COLLECTED MATERIAL
--------------------------------

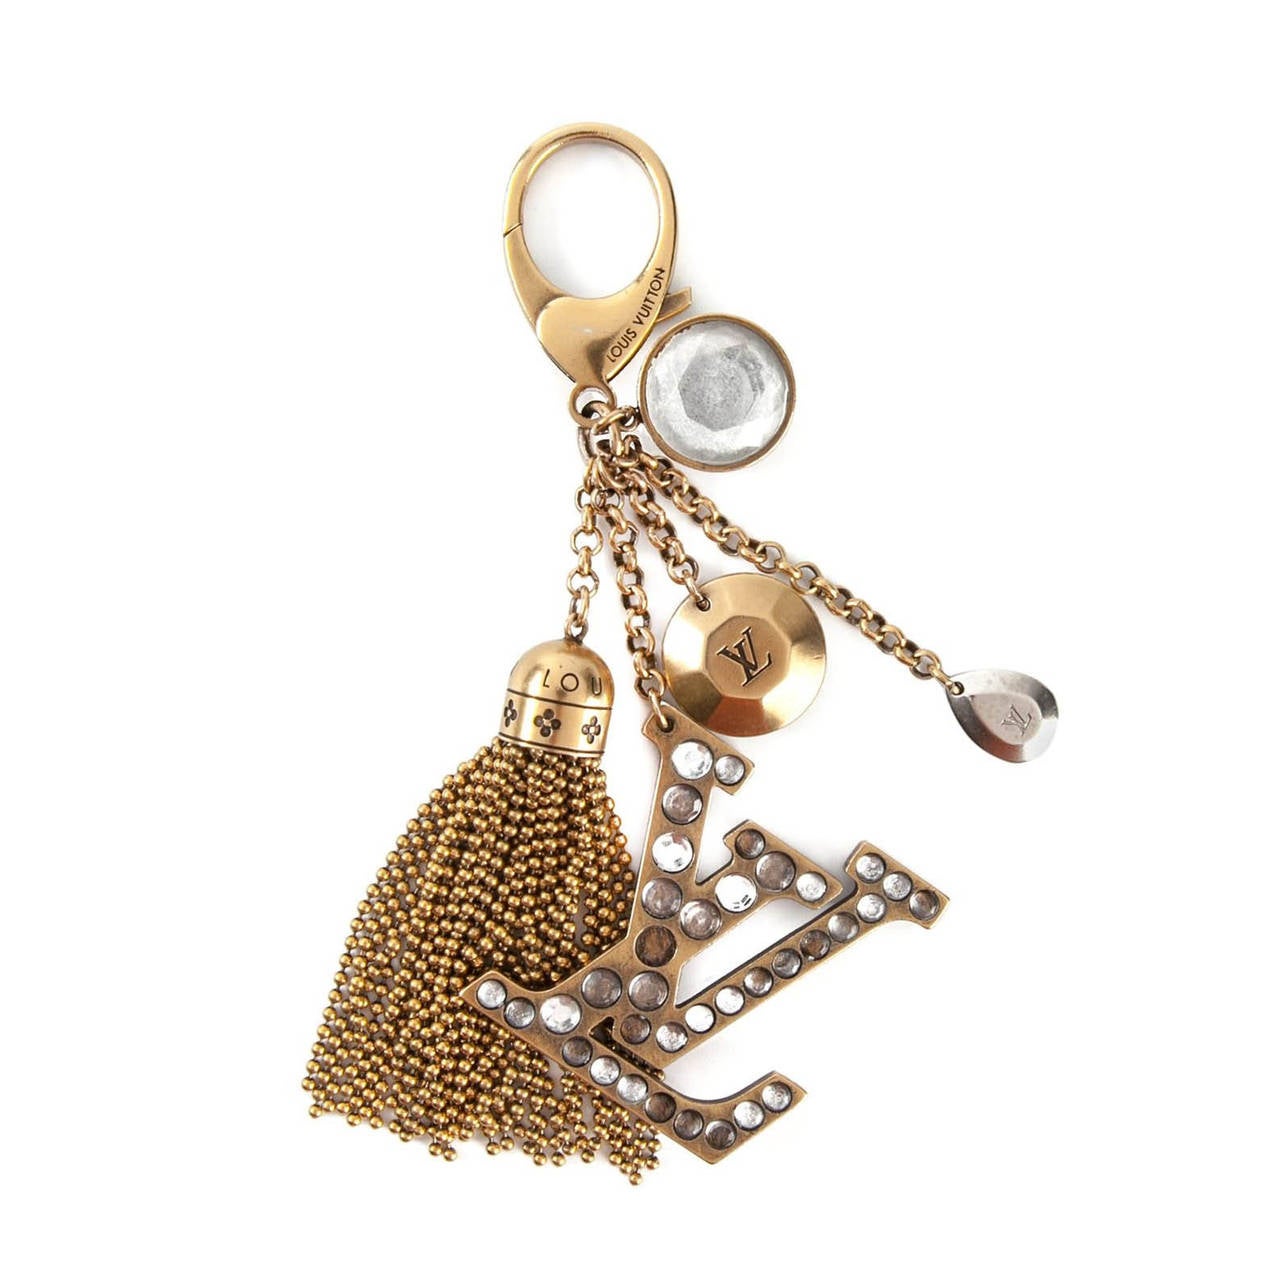 This Gold-tone logo charm keychain from Louis Vuitton features crystal accents, a clip fastening and a tassel charm.

Material: Metal

Colour: Gold, Clear

--------------------------------

Everything in the data except the pictures must appear in your answer unchanged.

 This Gold-tone logo charm keychain from Louis Vuitton features crystal accents, a clip fastening and a tassel charm.

Material: Metal

Colour: Gold, Clear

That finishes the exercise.